▶ Data segment
/---

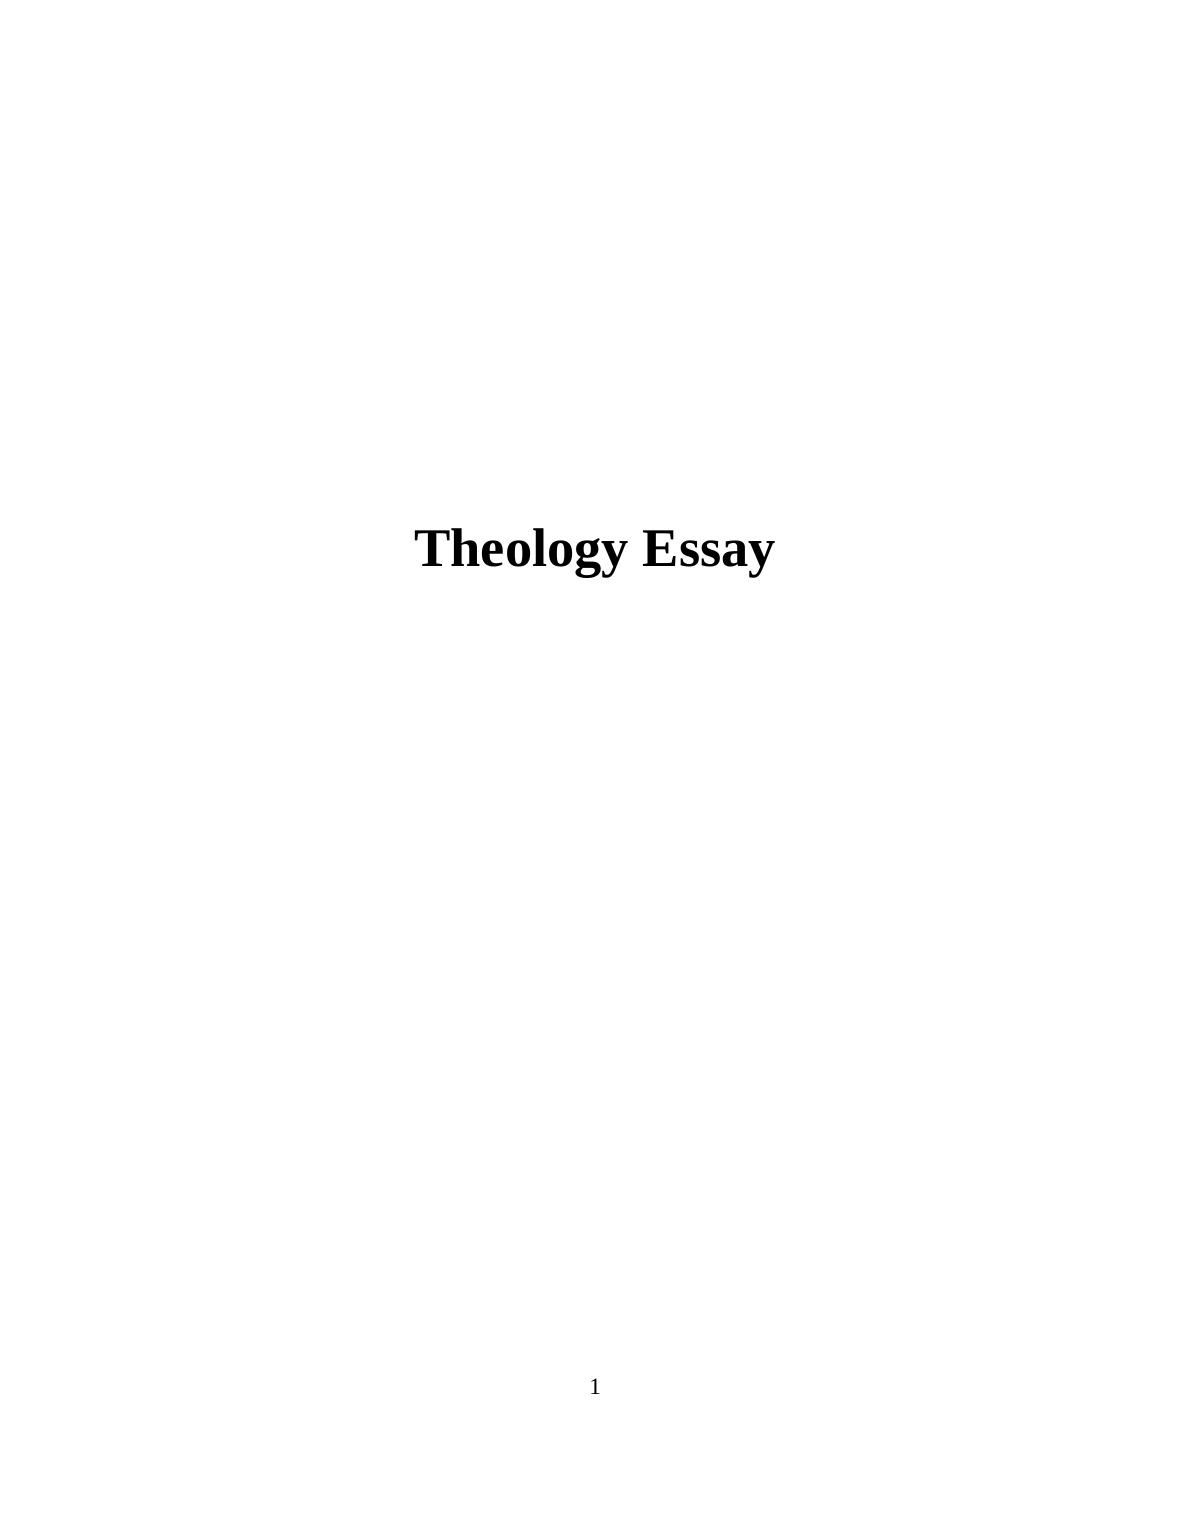 essay on christian theology
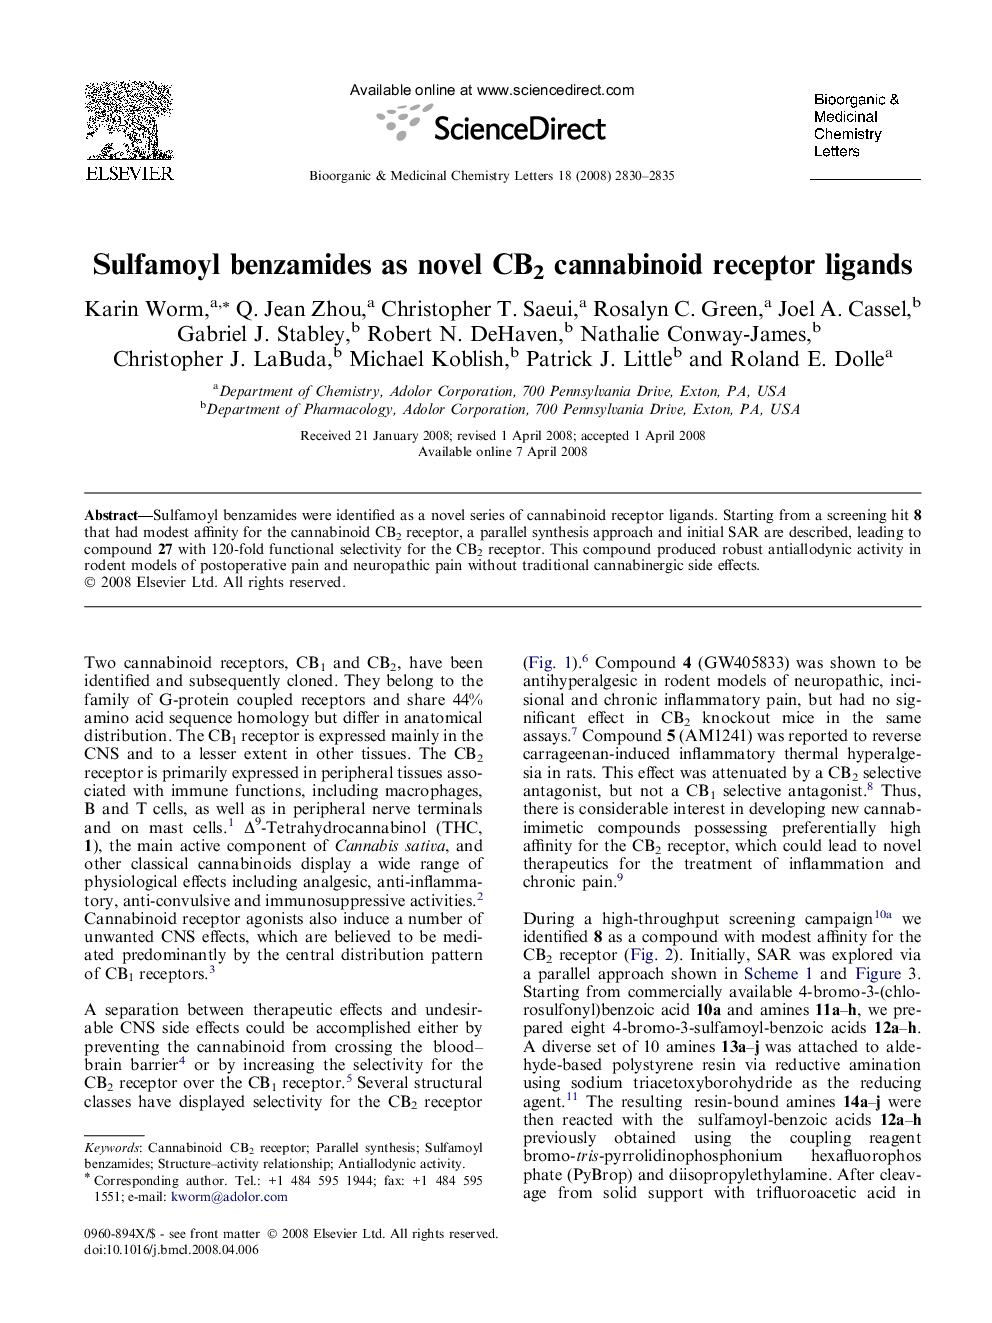 Sulfamoyl benzamides as novel CB2 cannabinoid receptor ligands
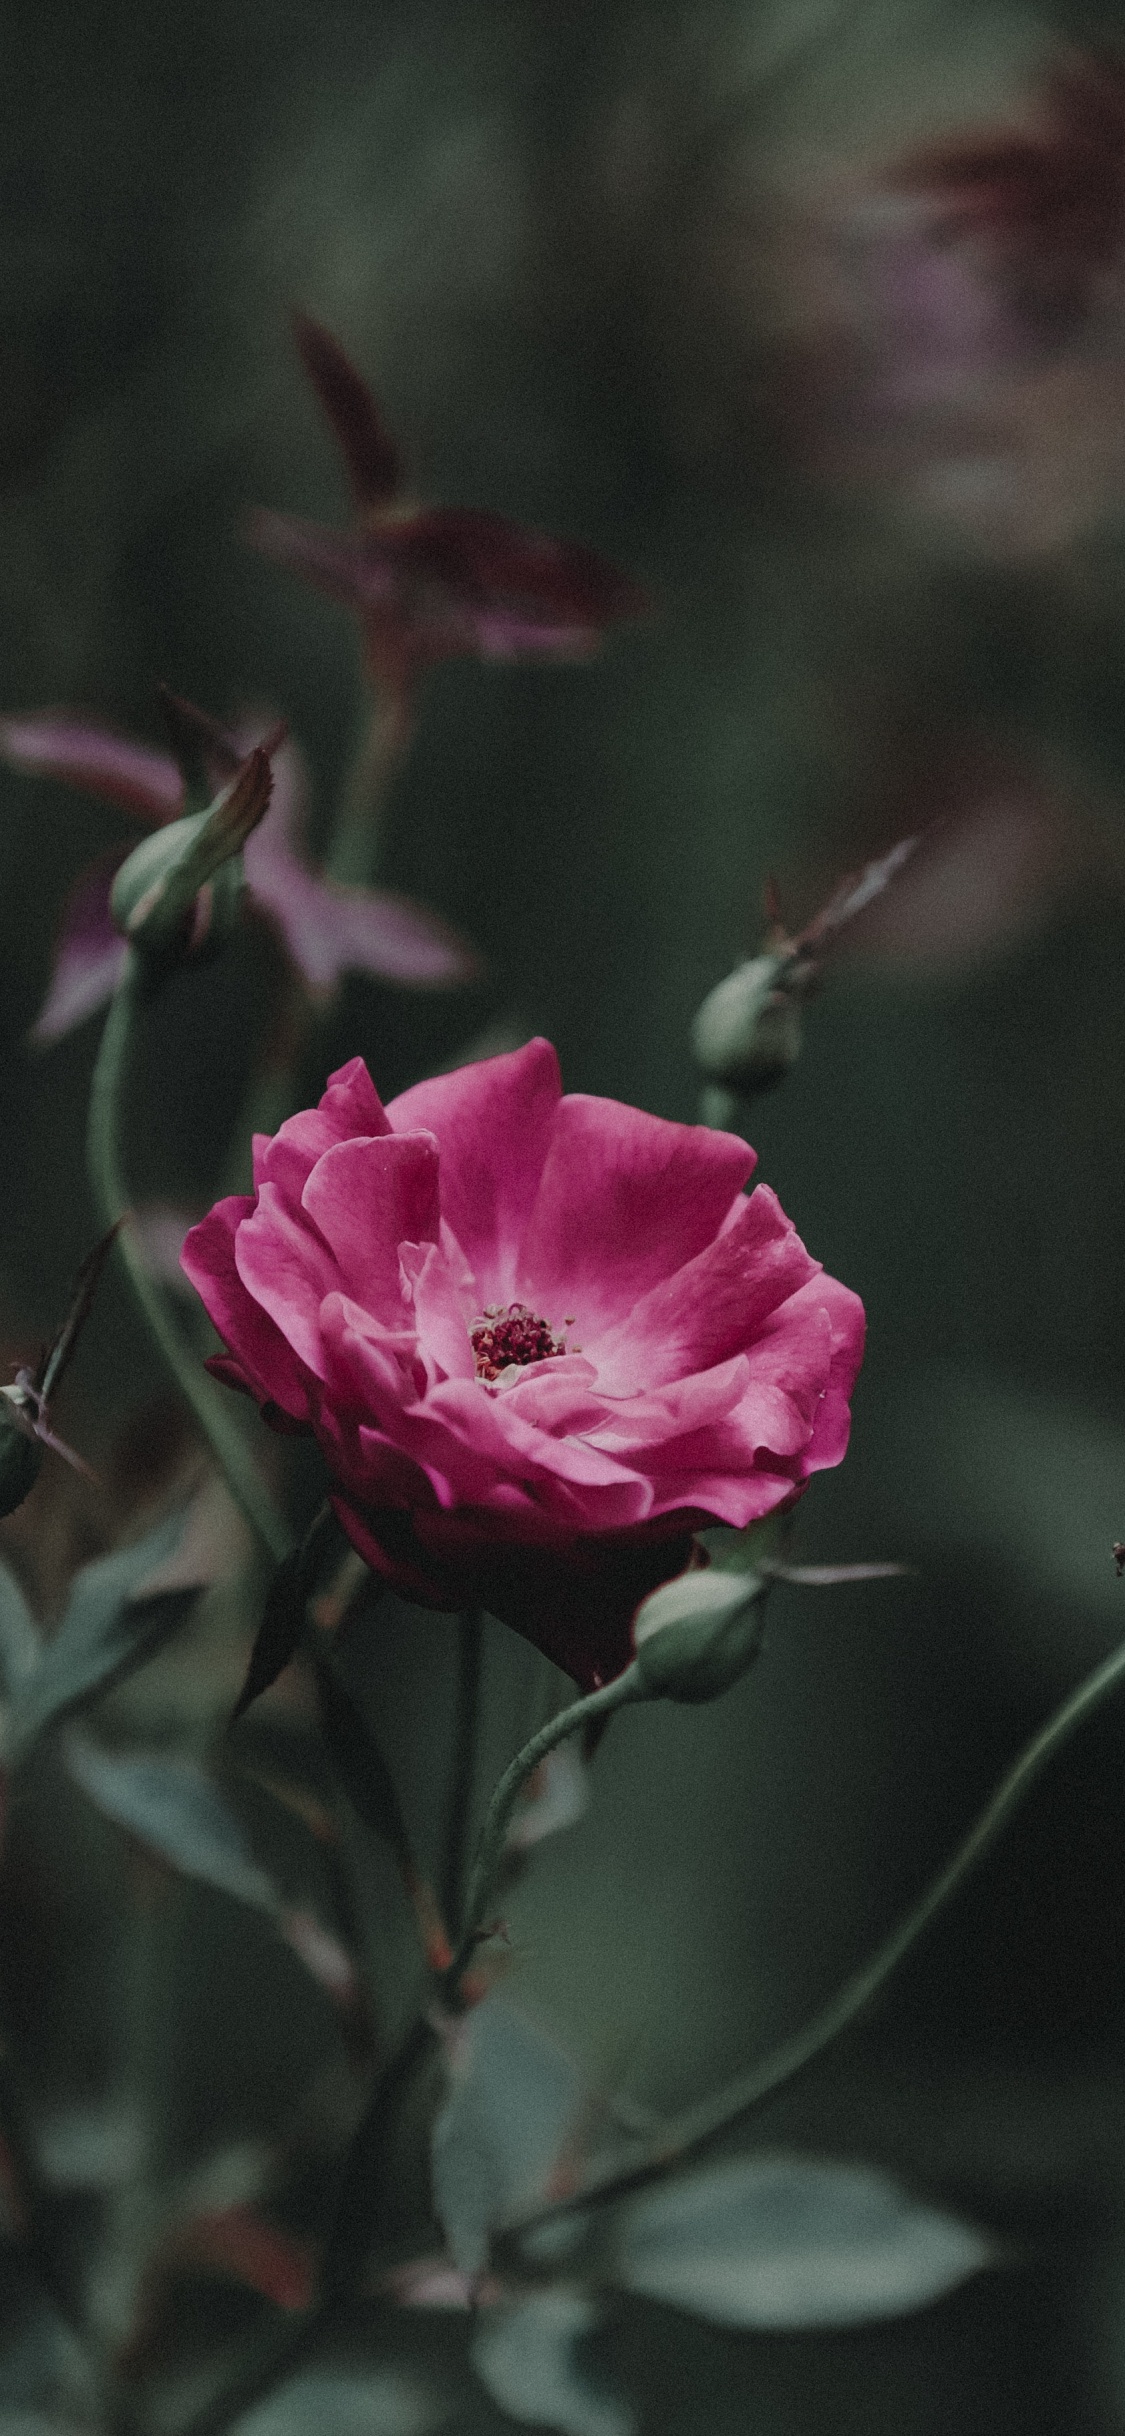 Rose Rose en Fleurs Pendant la Journée. Wallpaper in 1125x2436 Resolution

\---

▶ The task
Please produce an exact copy of the listing, omitting the pictures.

▶ The completed task
 essay on christian theology
 Sulfamoyl benzamides as novel CB2 cannabinoid receptor ligands
 Rose Rose en Fleurs Pendant la Journée. Wallpaper in 1125x2436 Resolution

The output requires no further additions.